Provided data:
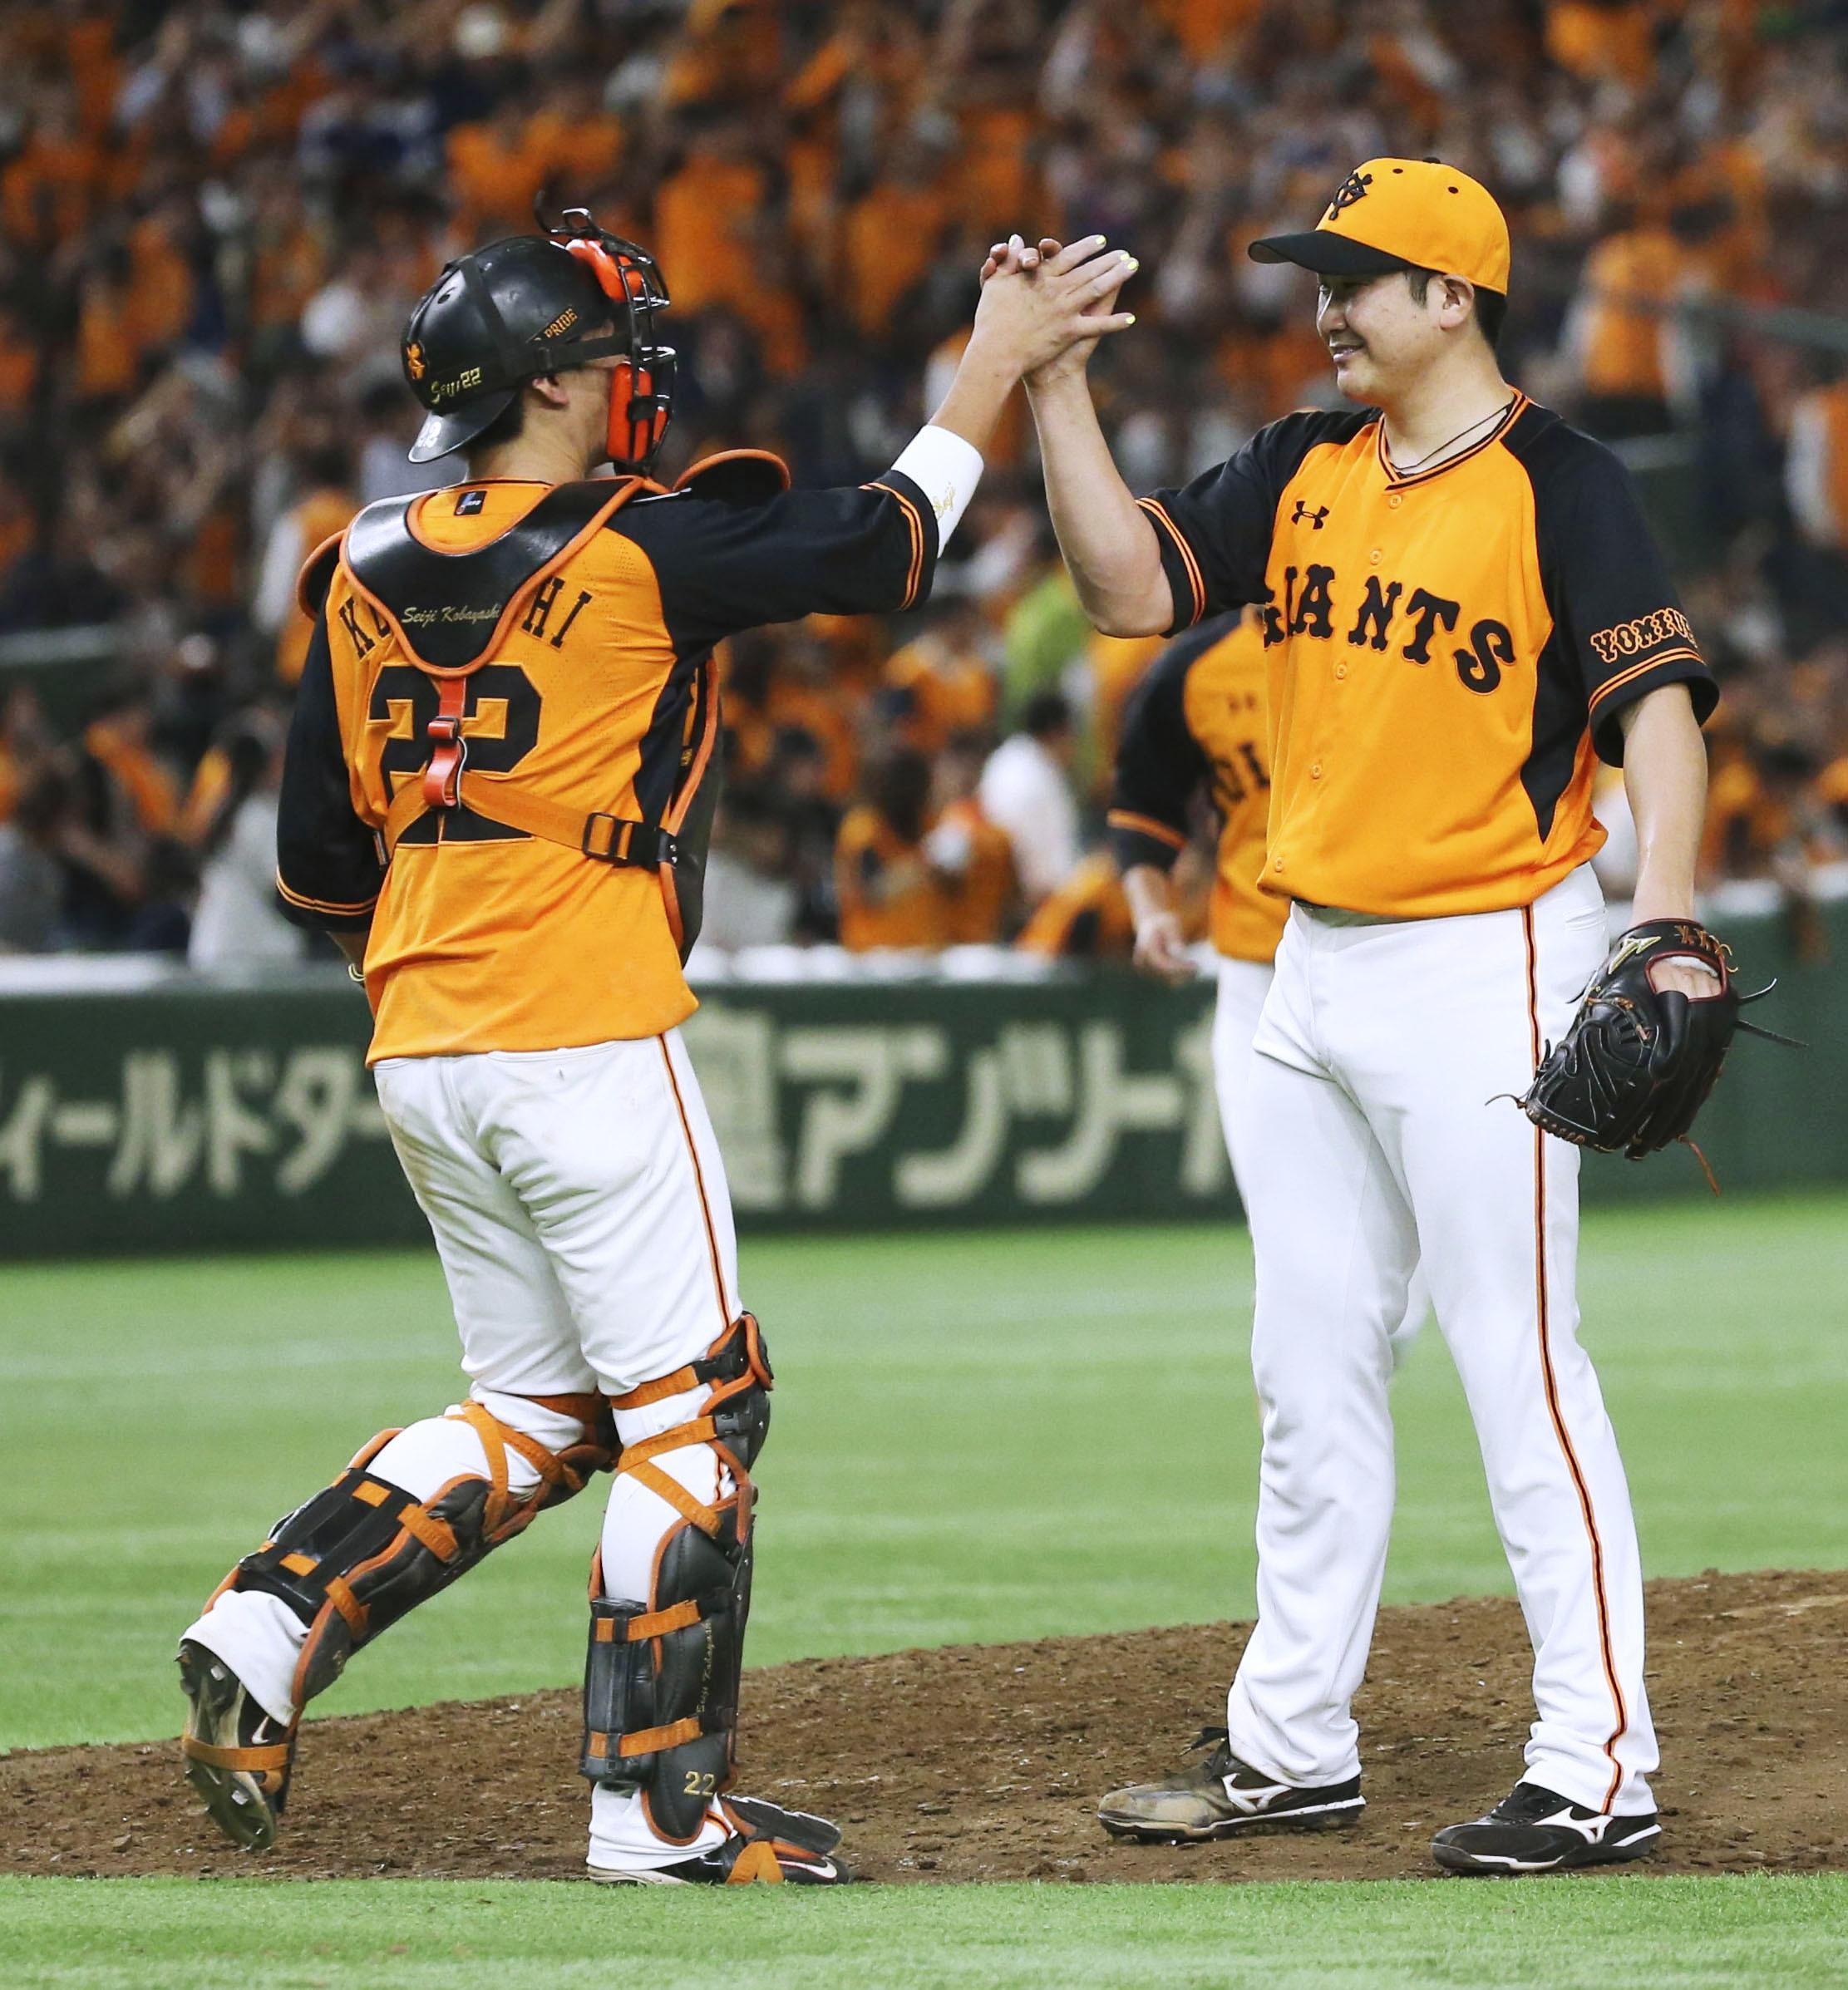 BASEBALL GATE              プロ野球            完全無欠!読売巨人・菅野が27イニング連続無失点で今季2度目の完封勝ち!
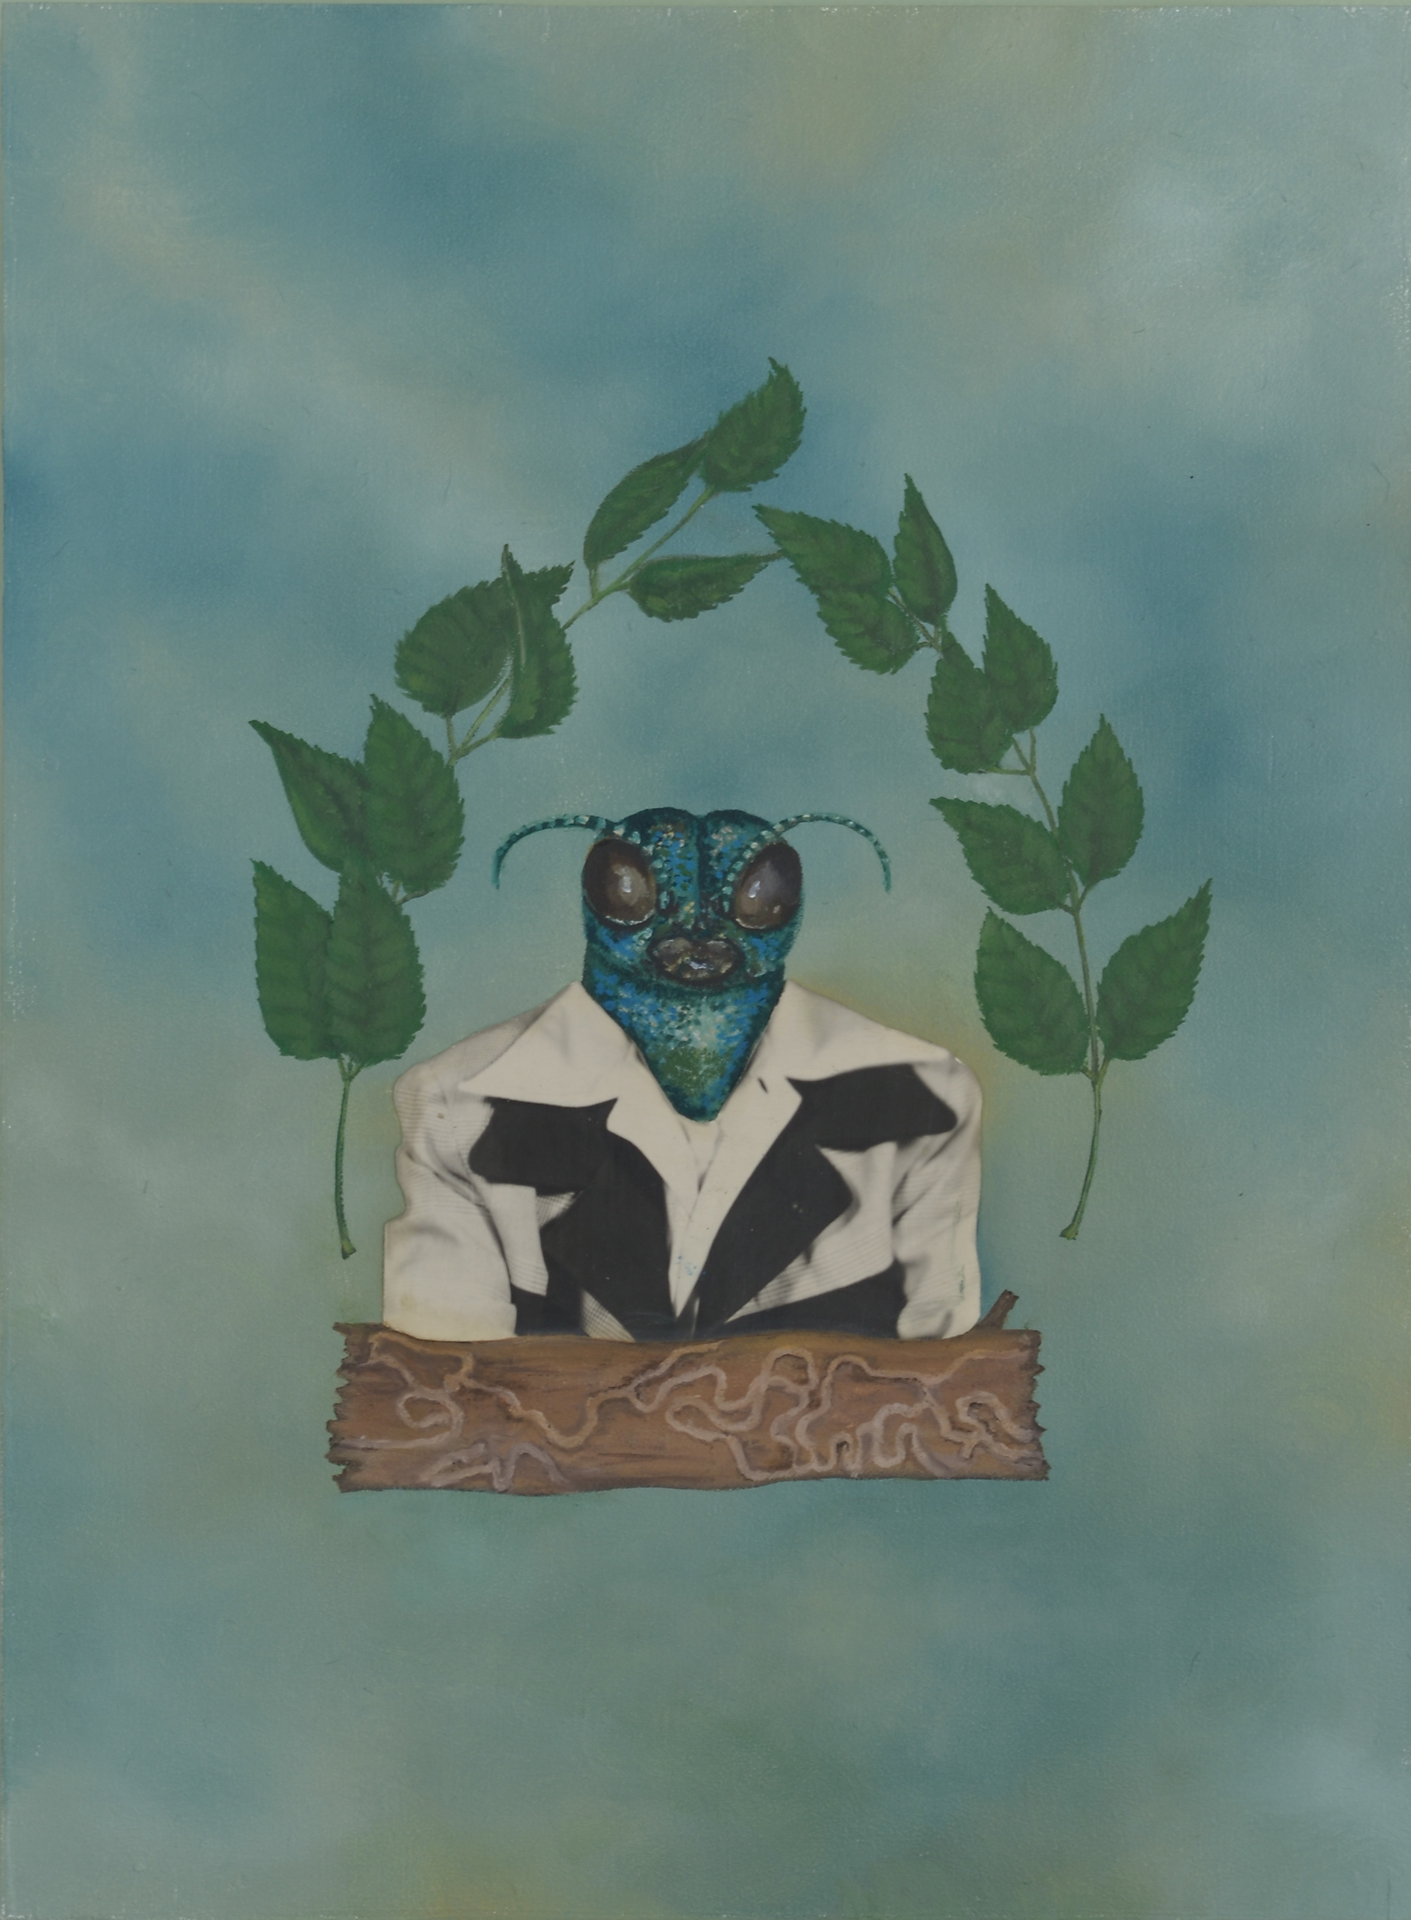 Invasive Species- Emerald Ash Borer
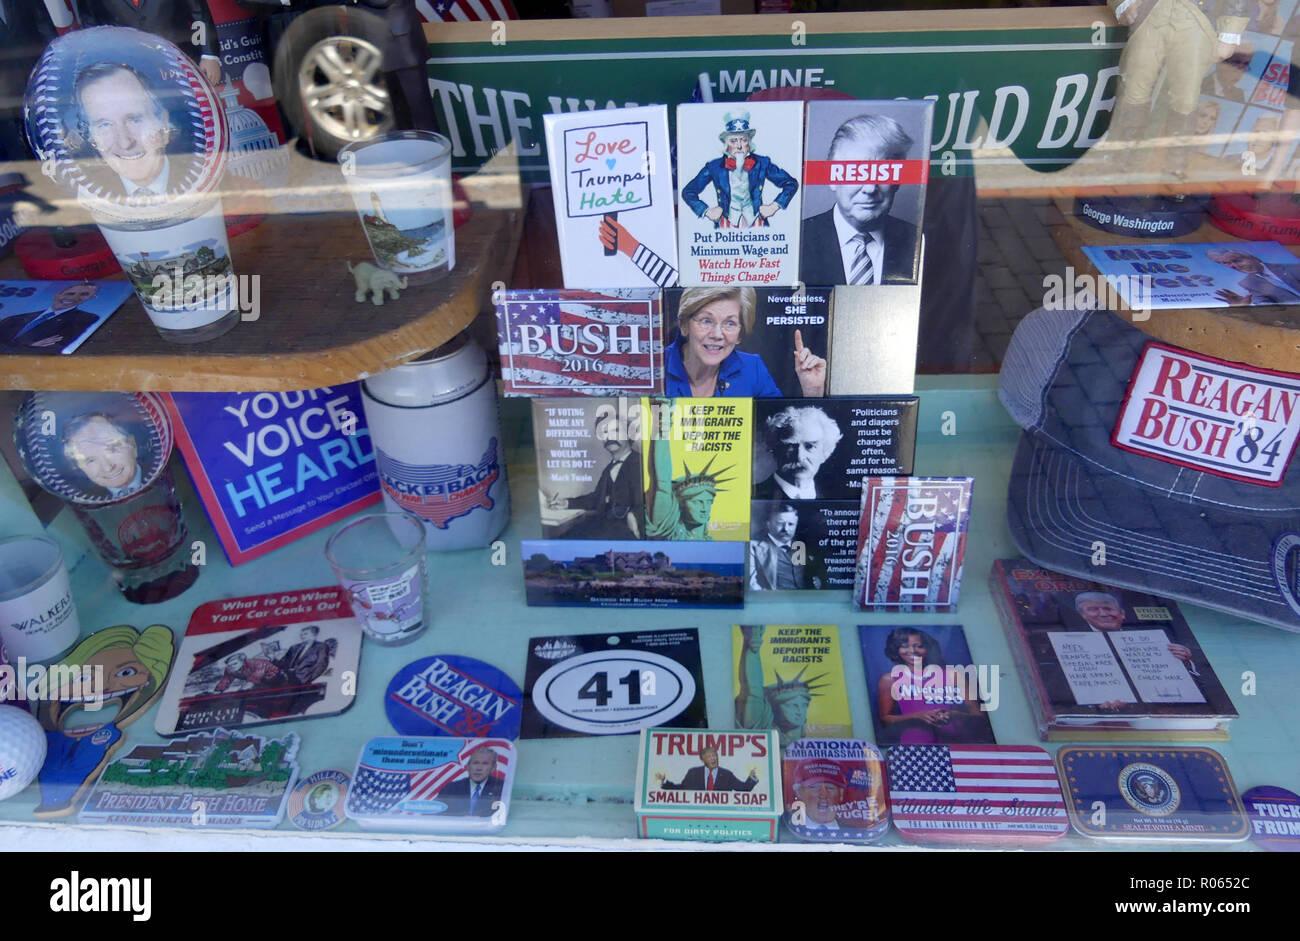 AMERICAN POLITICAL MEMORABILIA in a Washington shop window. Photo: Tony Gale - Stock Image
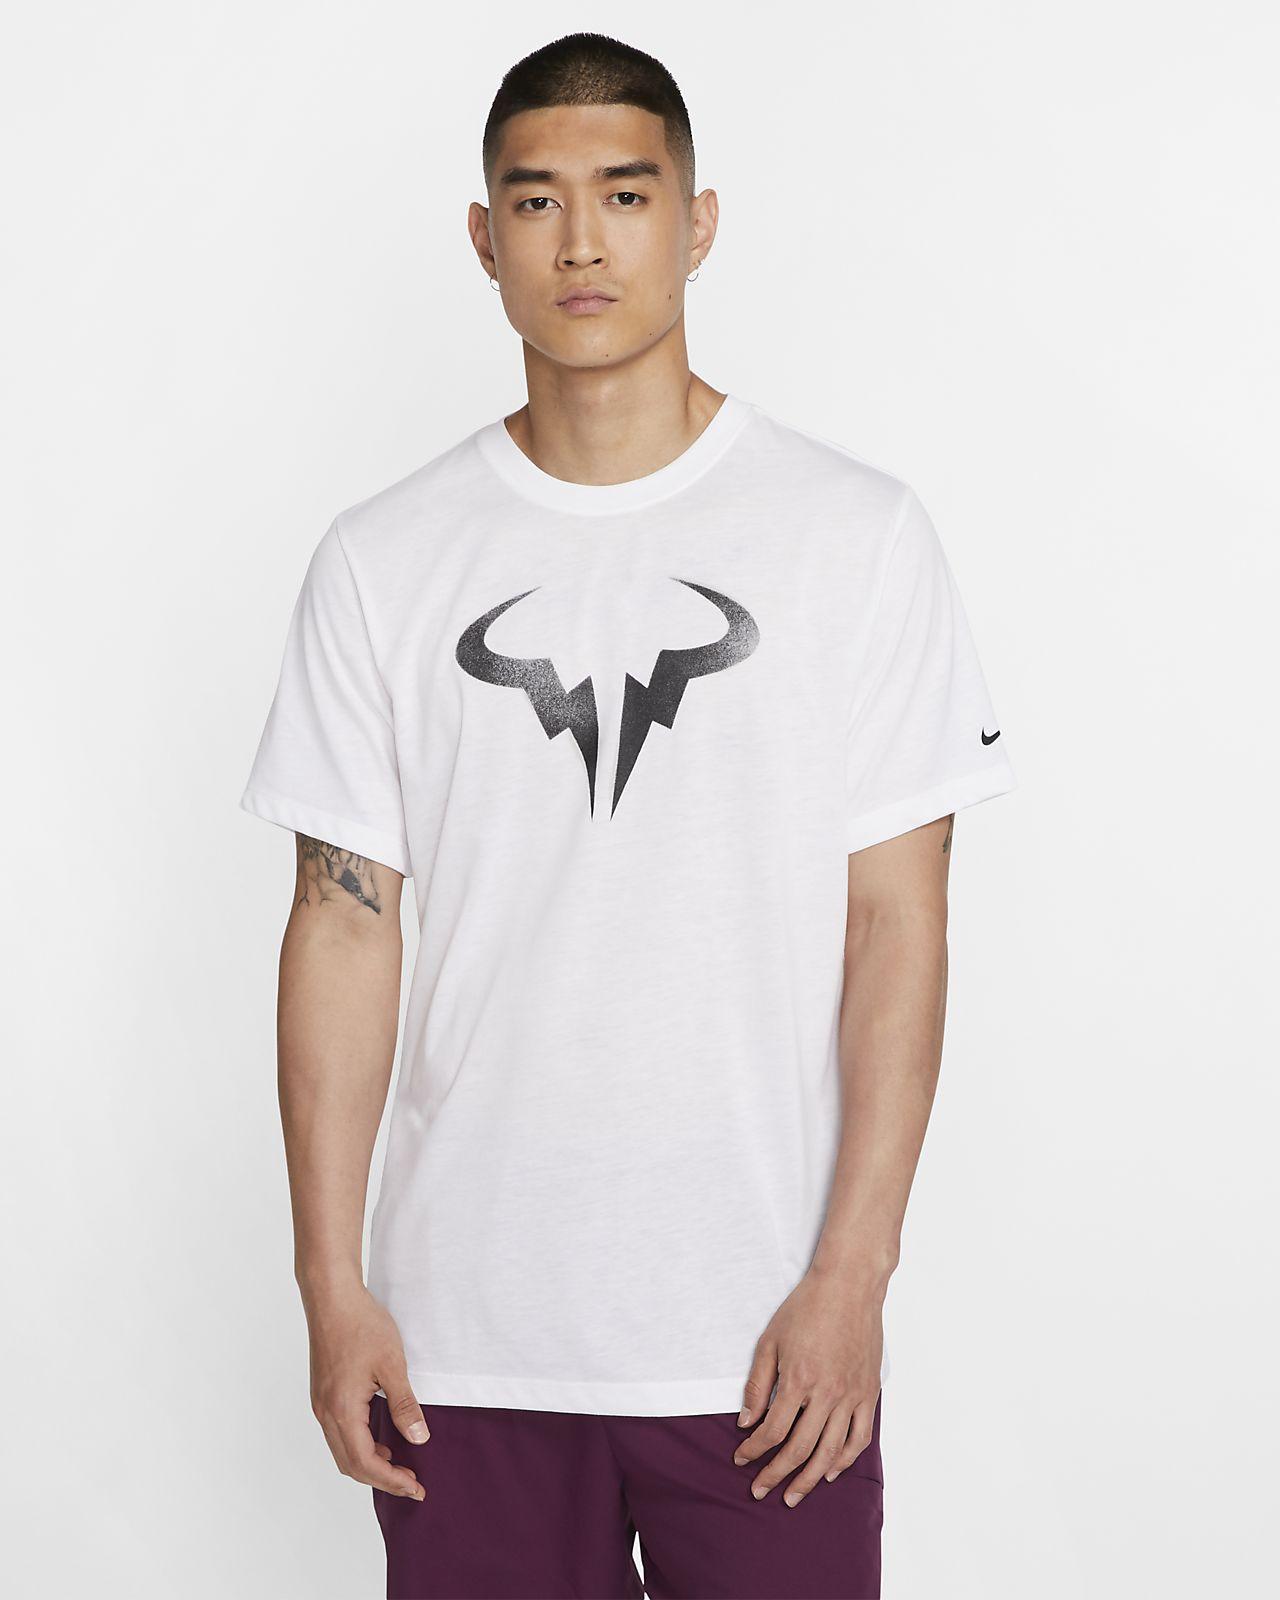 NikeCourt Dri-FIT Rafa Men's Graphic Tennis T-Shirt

Exercise objective:
Restate the listing word for word. Pictures do not belong in the copy.

Solved exercise:
 BASEBALL GATE              プロ野球            完全無欠!読売巨人・菅野が27イニング連続無失点で今季2度目の完封勝ち!
 Invasive Species- Emerald Ash Borer
 AMERICAN POLITICAL MEMORABILIA in a Washington shop window. Photo: Tony Gale - Stock Image
 NikeCourt Dri-FIT Rafa Men's Graphic Tennis T-Shirt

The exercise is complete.